***** Source data *****

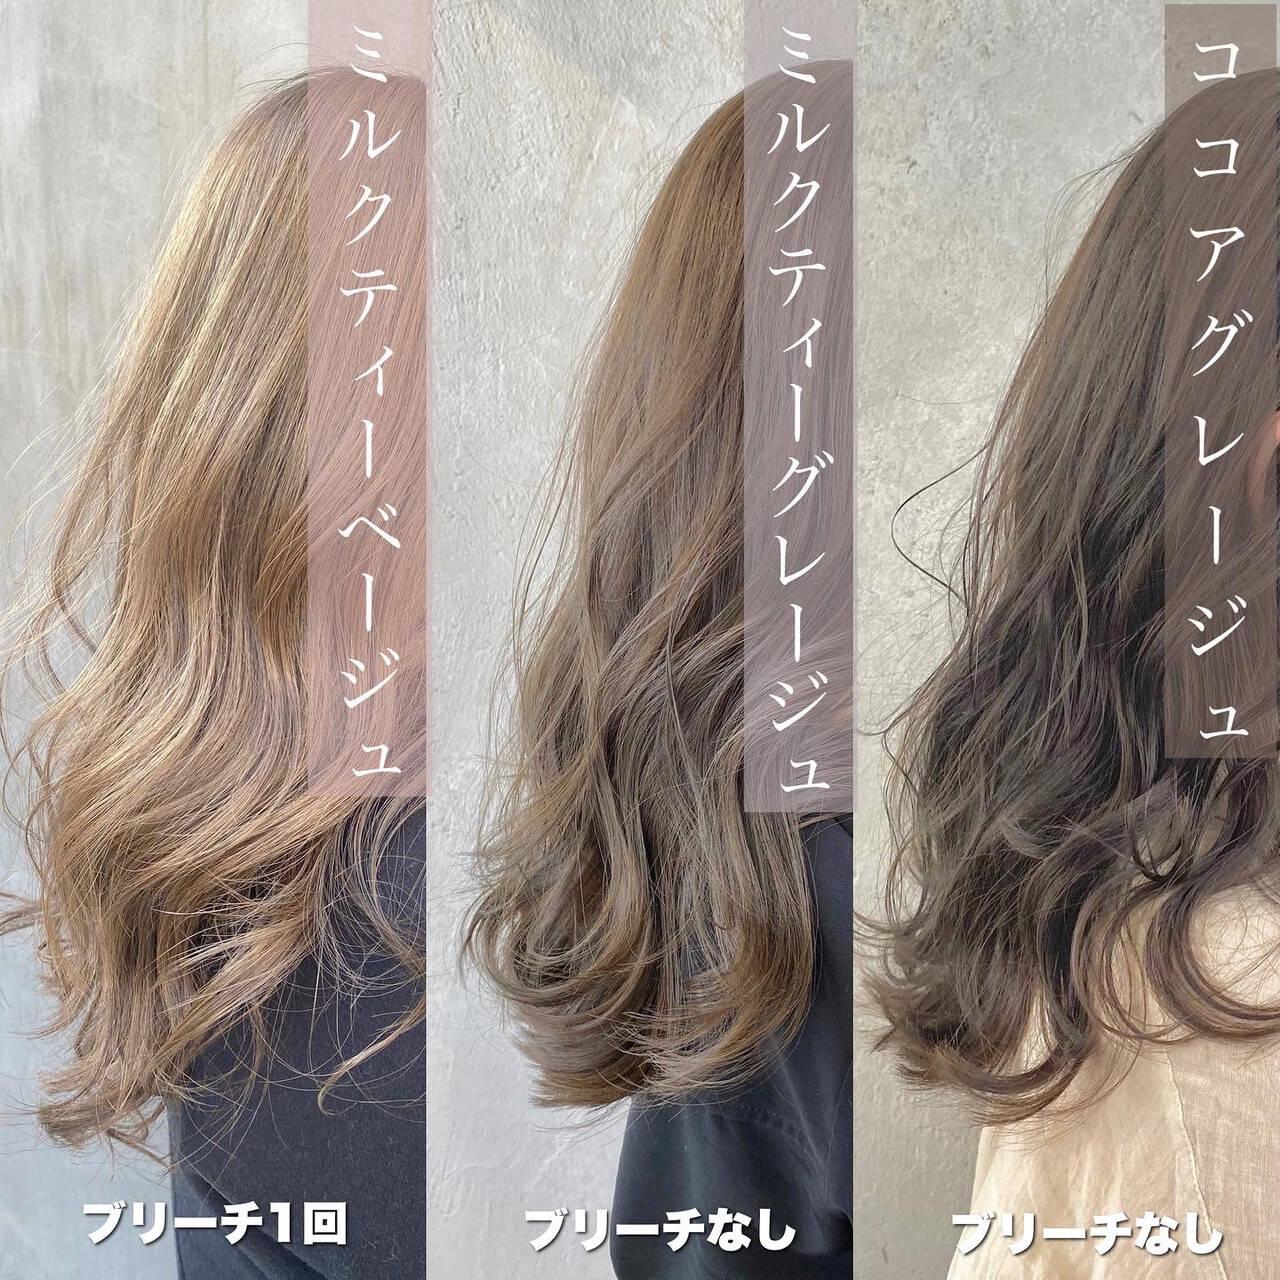 ロング ココアベージュ ミルクティーベージュ ナチュラルヘアスタイルや髪型の写真・画像
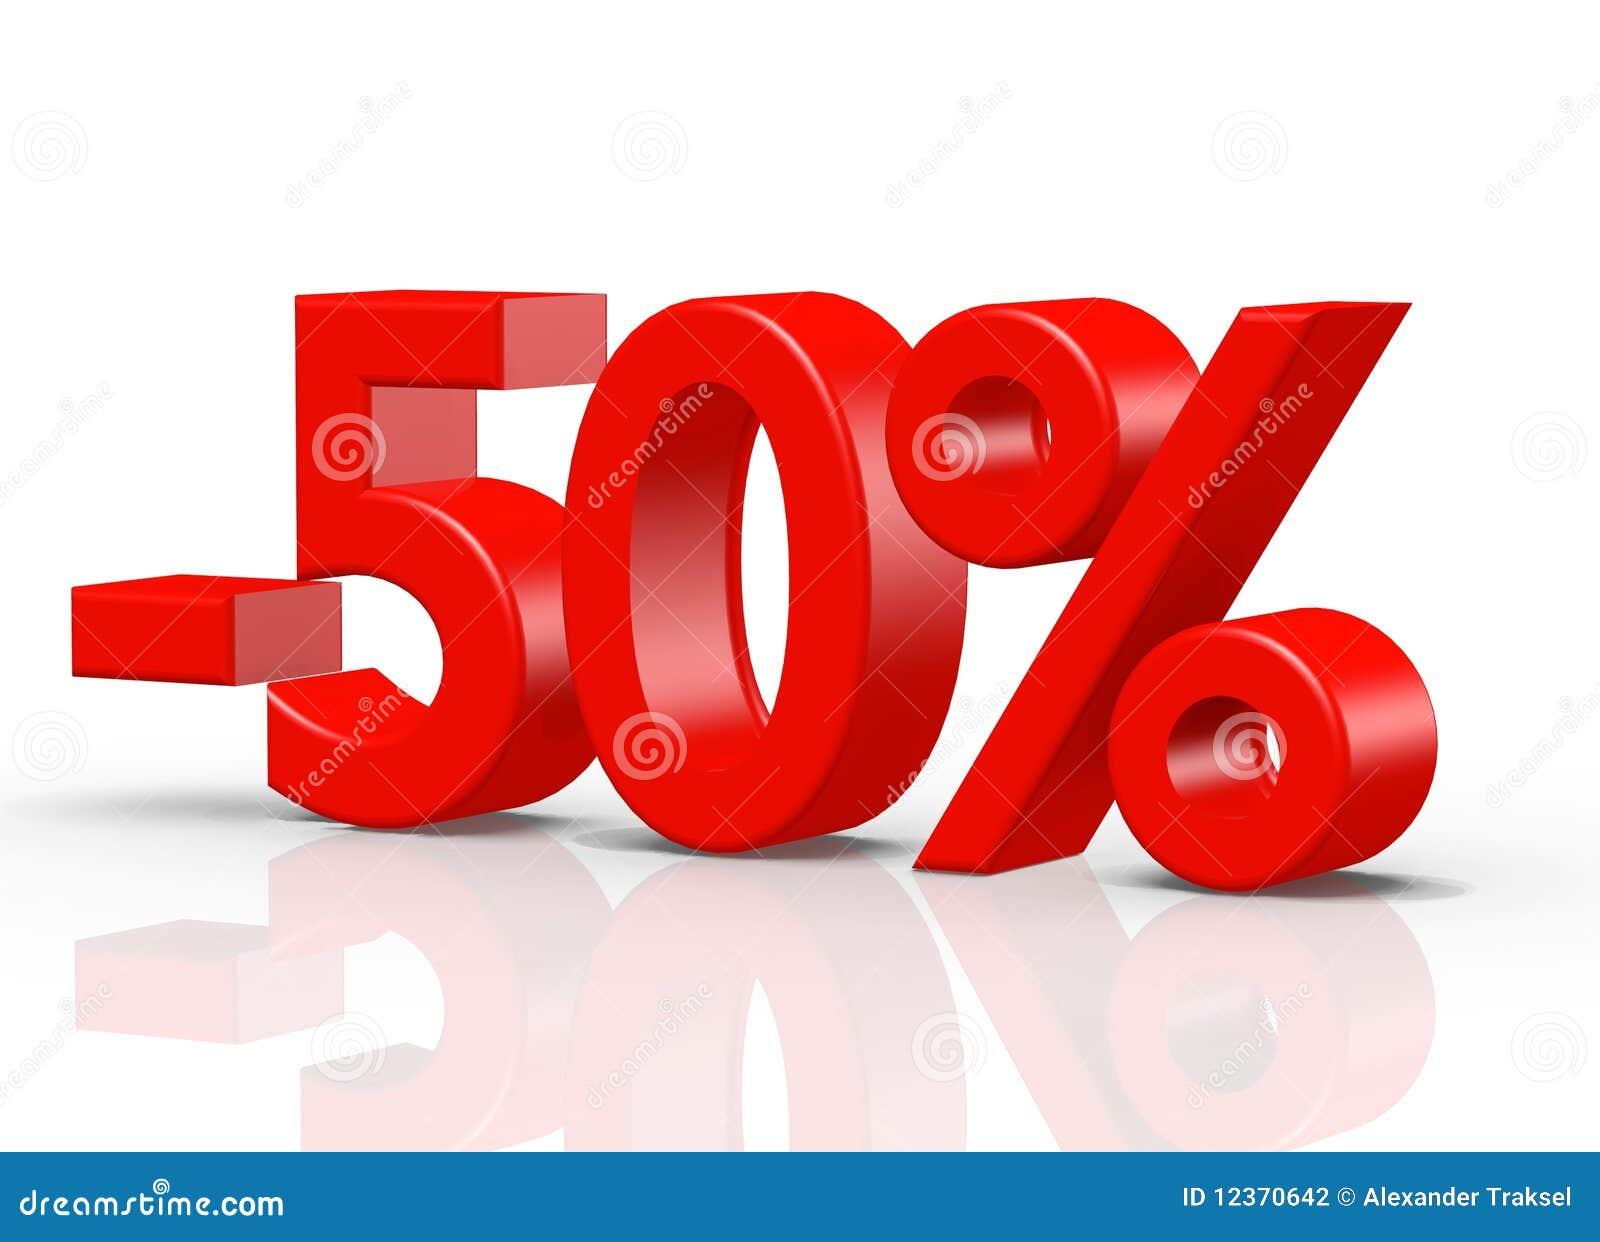 50 prozent schwerbehinderung
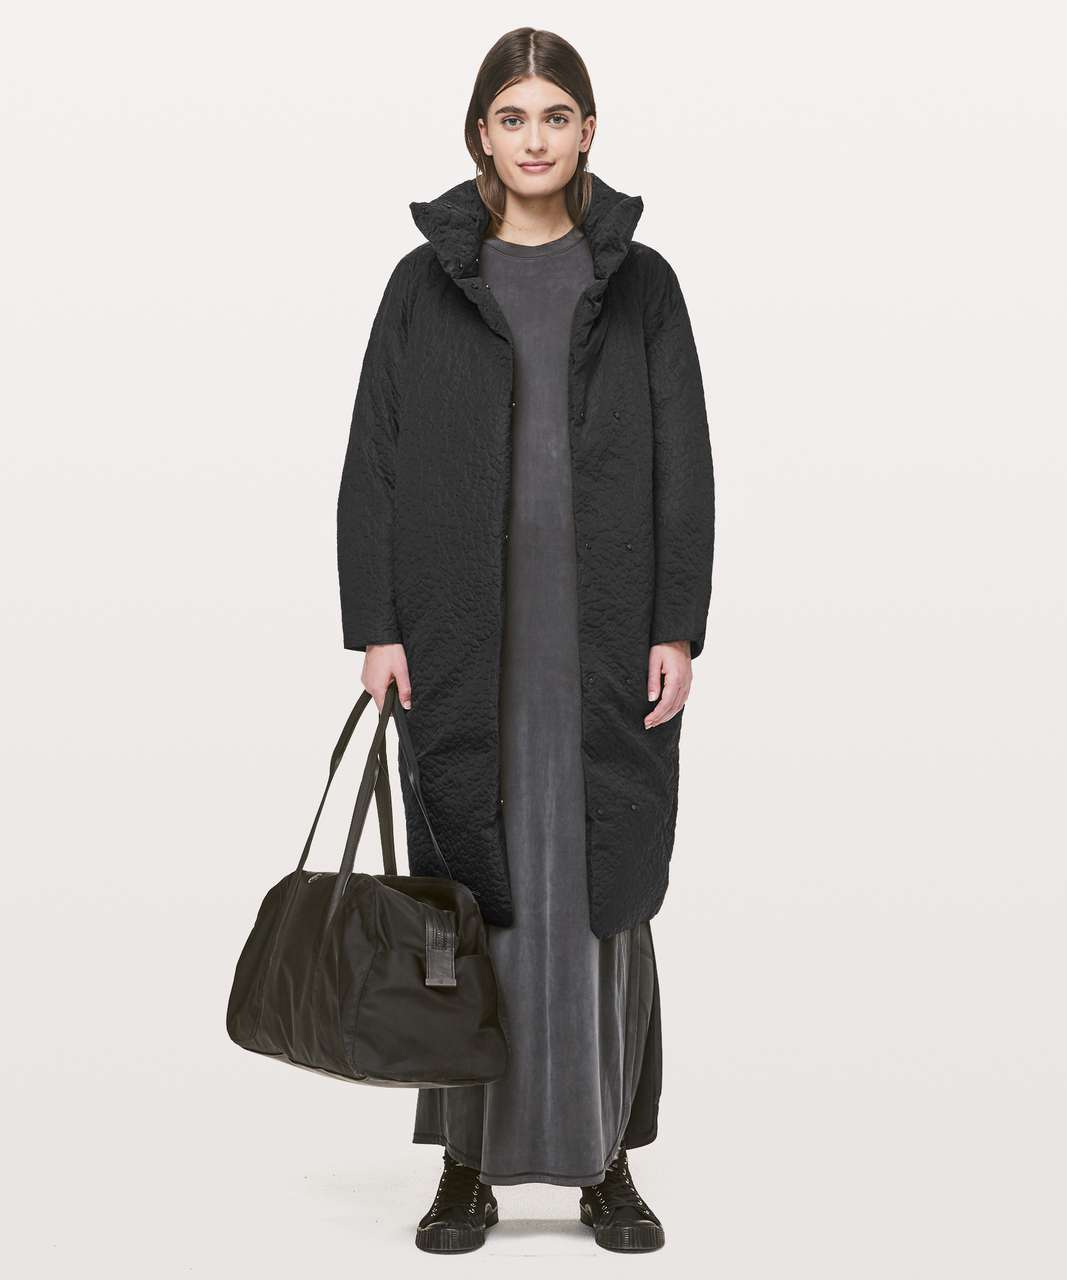 Lululemon Shiwa Long Puff - Black

*****

Task requirements:
Reproduce all the data as it stands. The pictures are not part of the copy.

Exercise output:
 ロング ココアベージュ ミルクティーベージュ ナチュラルヘアスタイルや髪型の写真・画像
 50 prozent schwerbehinderung
 Lululemon Shiwa Long Puff - Black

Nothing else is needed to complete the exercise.